The 10-year-old student at Brookwood Elementary School used some of her clover dollars, which she earned by doing her homework and participating in her 4-H class, which focused on agriscience.

"It's awesome," Chandler says, wearing her "Project Achievement" green clover pin. "You get to go and do projects and different things. I've learned about inherited (plant) traits and germs."

Whitfield County 4-H is a youth development program aimed at fifth through 12th graders and focused on leadership skills and a healthy lifestyle, said Kandace Edwards, coordinator and 4-H agent.

"We focus on giving an opportunity to kids to be more successful," she said. "Mastery, generosity, independence and a sense of belonging, those are essential elements to youth development."

Although classes are over, 4-H coordinators said they are getting ready to start their summer day camp activities in the first week in June. Those activities range from horseback riding to a field trip to Fort Mountain Park.

Nationwide, there are more than 6 million youth participating in 4-H programs in more than 3,000 counties, according to the National 4-H Web site. More than 900 take part in Whitfield County.

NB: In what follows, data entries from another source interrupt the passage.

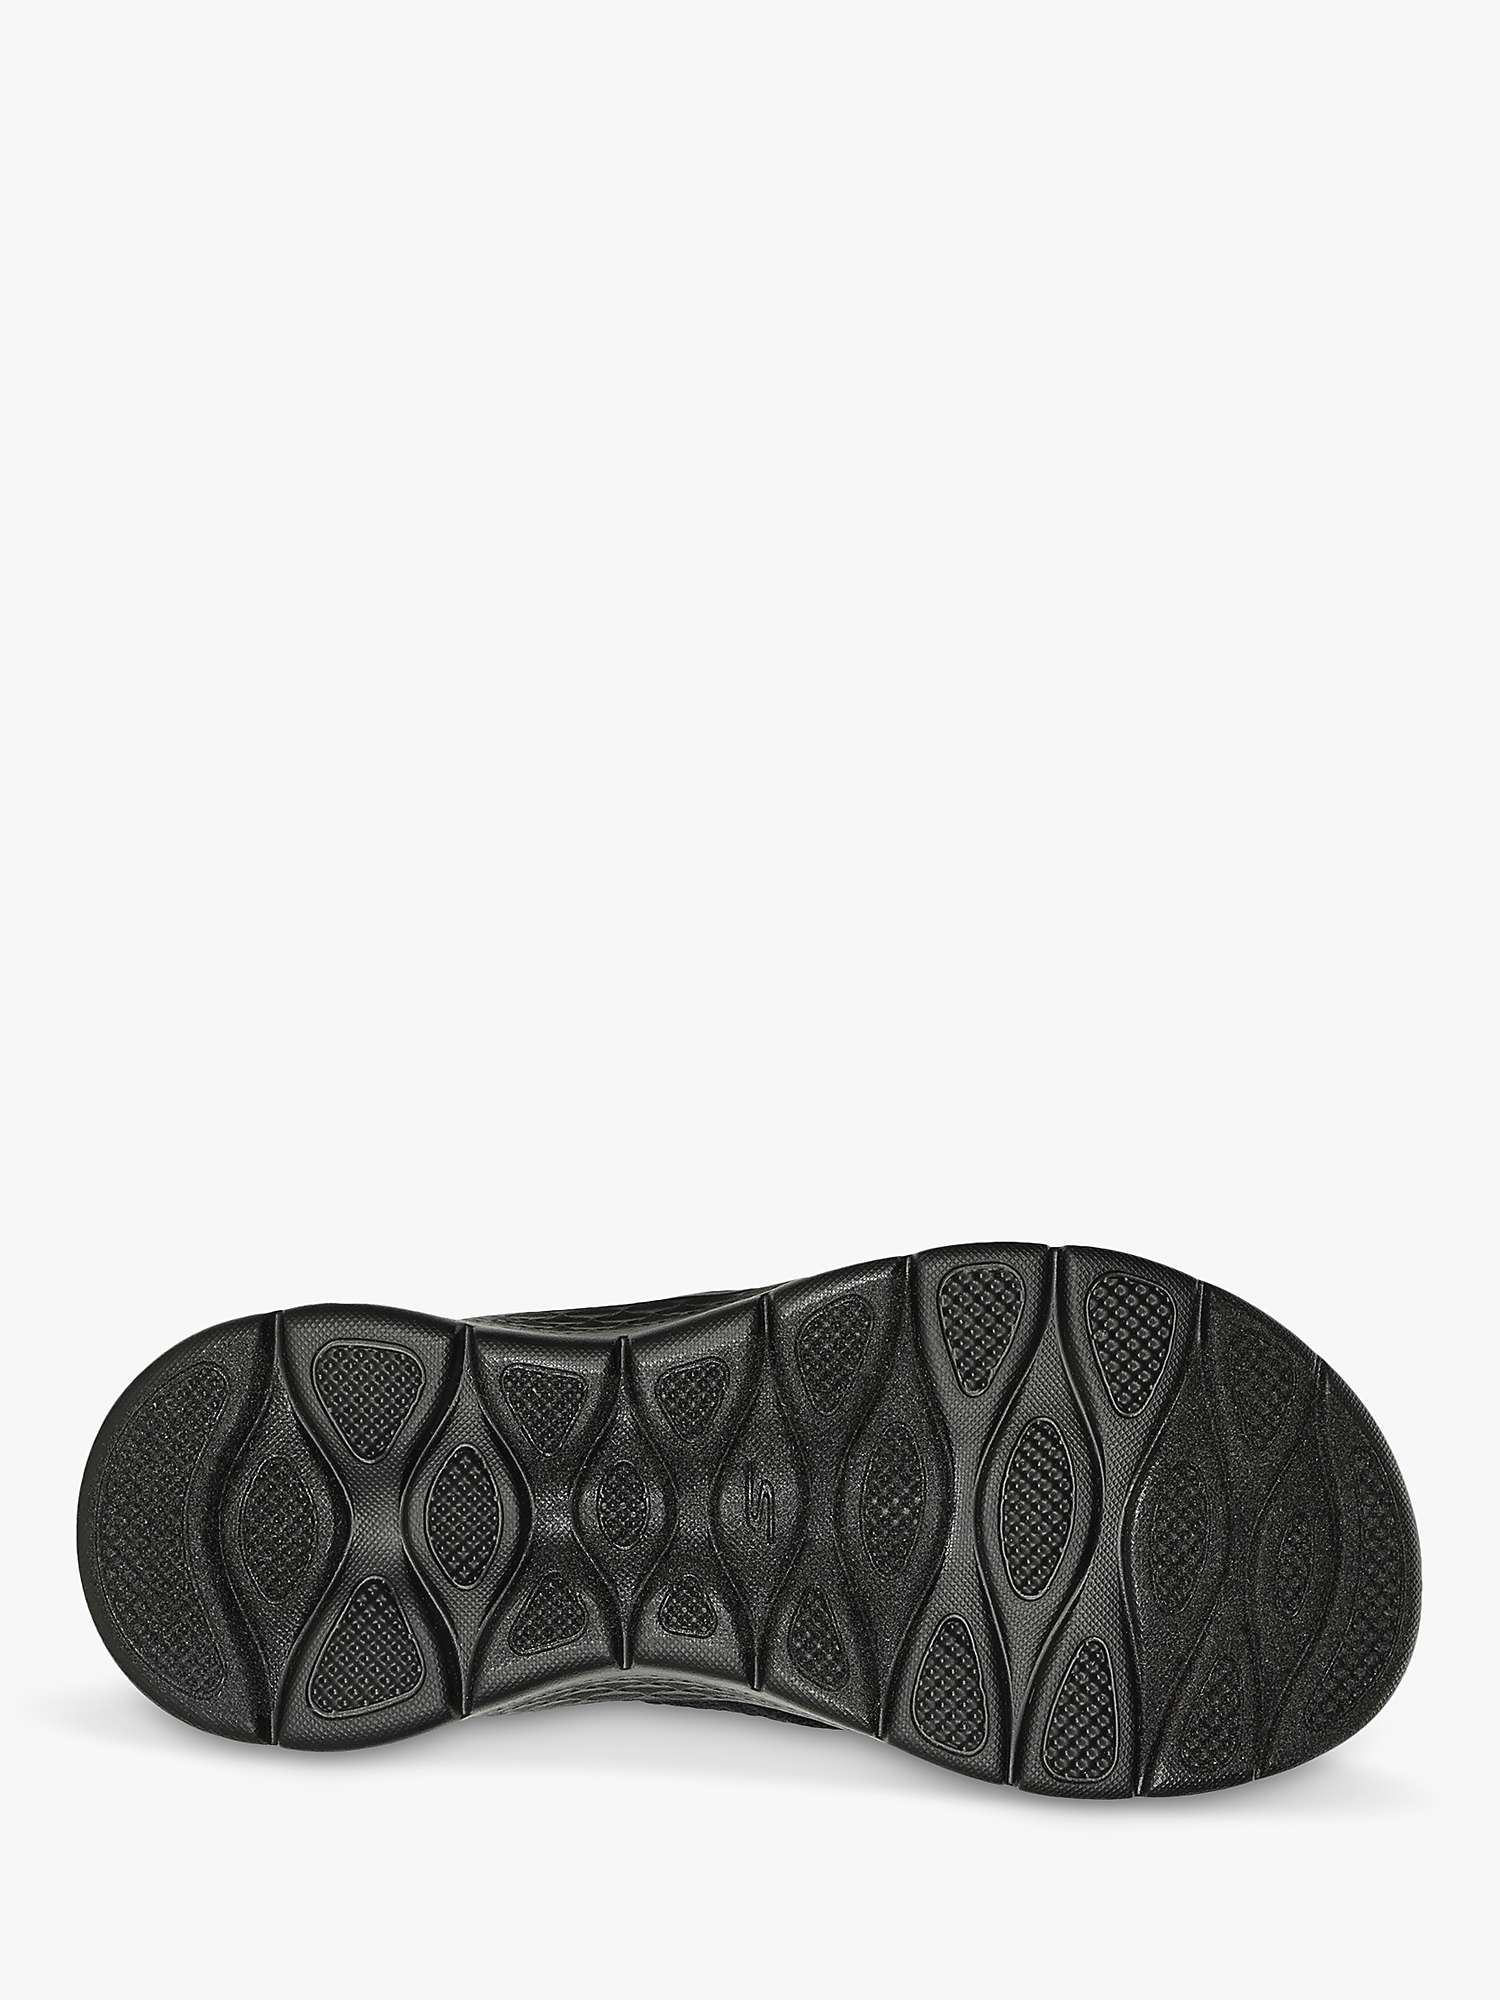 Buy Skechers GO WALK Flex Splendour Sandal, Black Online at johnlewis.com
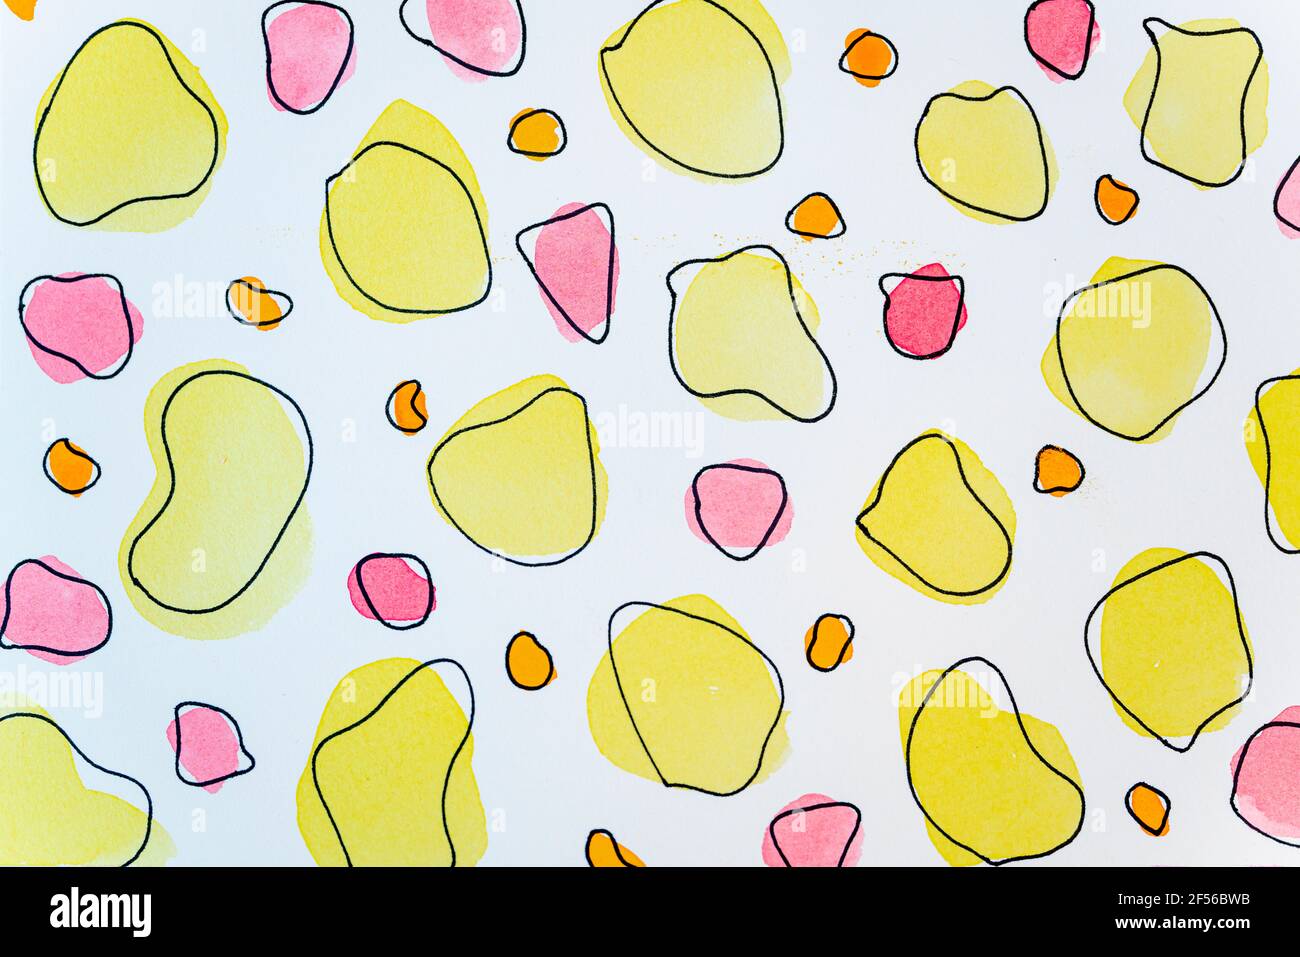 Aquarelle abstraite jaune et rose sur papier blanc Banque D'Images
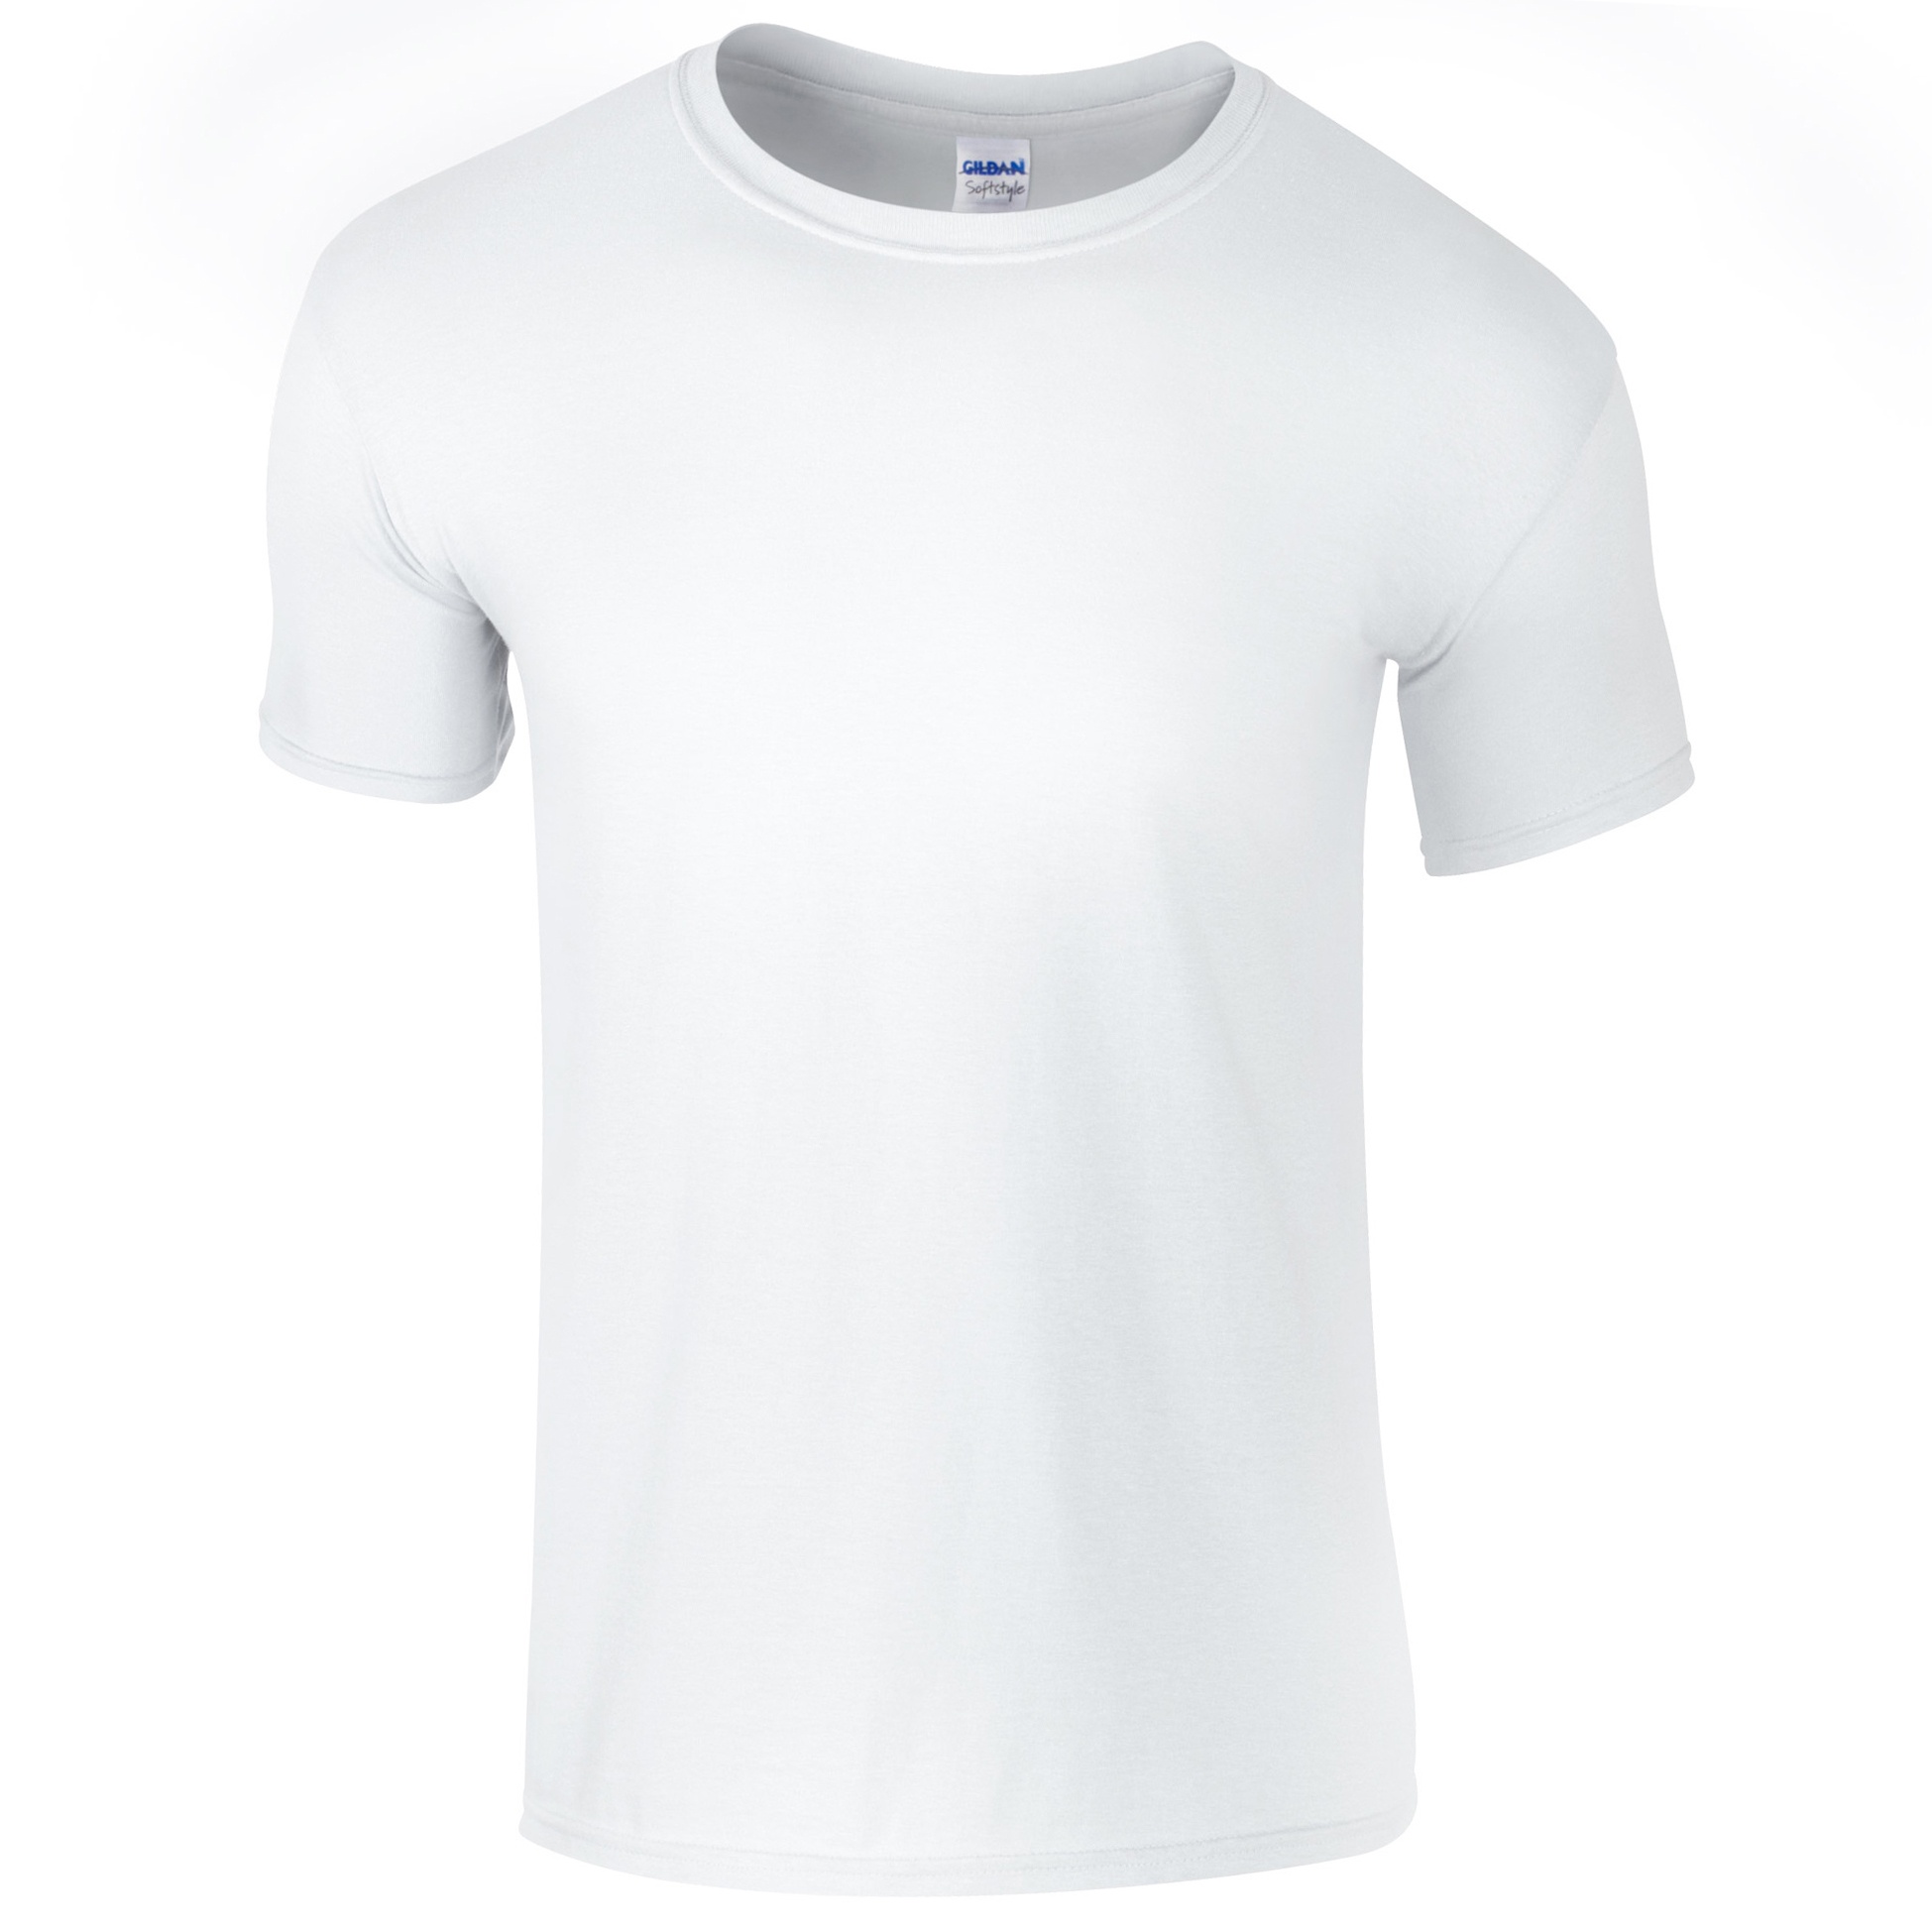 Camiseta De Manga Corta Suave Básica 100% Algodón Gordo Gildan - blanco -

In the county, Ms. Edwards and three assistants visit about 13 schools in the Dalton and Whitfield County school districts, where they do in-school programs such as the fifth-grade class at Brookwood.

"I think it's a great program, it hits a lot of our standards. They come and do different lessons with our kids and have speakers from the community," said fifth-grade teacher Tiffany Thompson.

"But what I really like about it is the social (and speaking) skills they develop. They get to do things we normally don't do during class, more hands-on projects," she said.

Lilian Sanchez, an eight-grade student at New Hope Middle School, said the program has helped her improve in many different ways.

"I've been in 4-H since I was a 5th grader, and I've gotten to know all the people very well. We treat each other like family," said the 14-year-old, who also is the secretary of the program.

"It has helped me with leadership skills," she said. "If it wasn't for the program, I wouldn't be able to talk in front of people. I had always looked for ways to help people, and in 4-H they give you a lot of opportunities to do that. It helps you grow as a person."

Middle and high school students also attend club meetings at the 4-H office in Dalton and participate in competitions and summits out of town.

"We try to work with teachers as much as possible and respect the fact that they are giving up their time to let our curriculum in," Ms. Edwards said.

Everything included in the curriculum is based on Georgia Performance Standards, she said.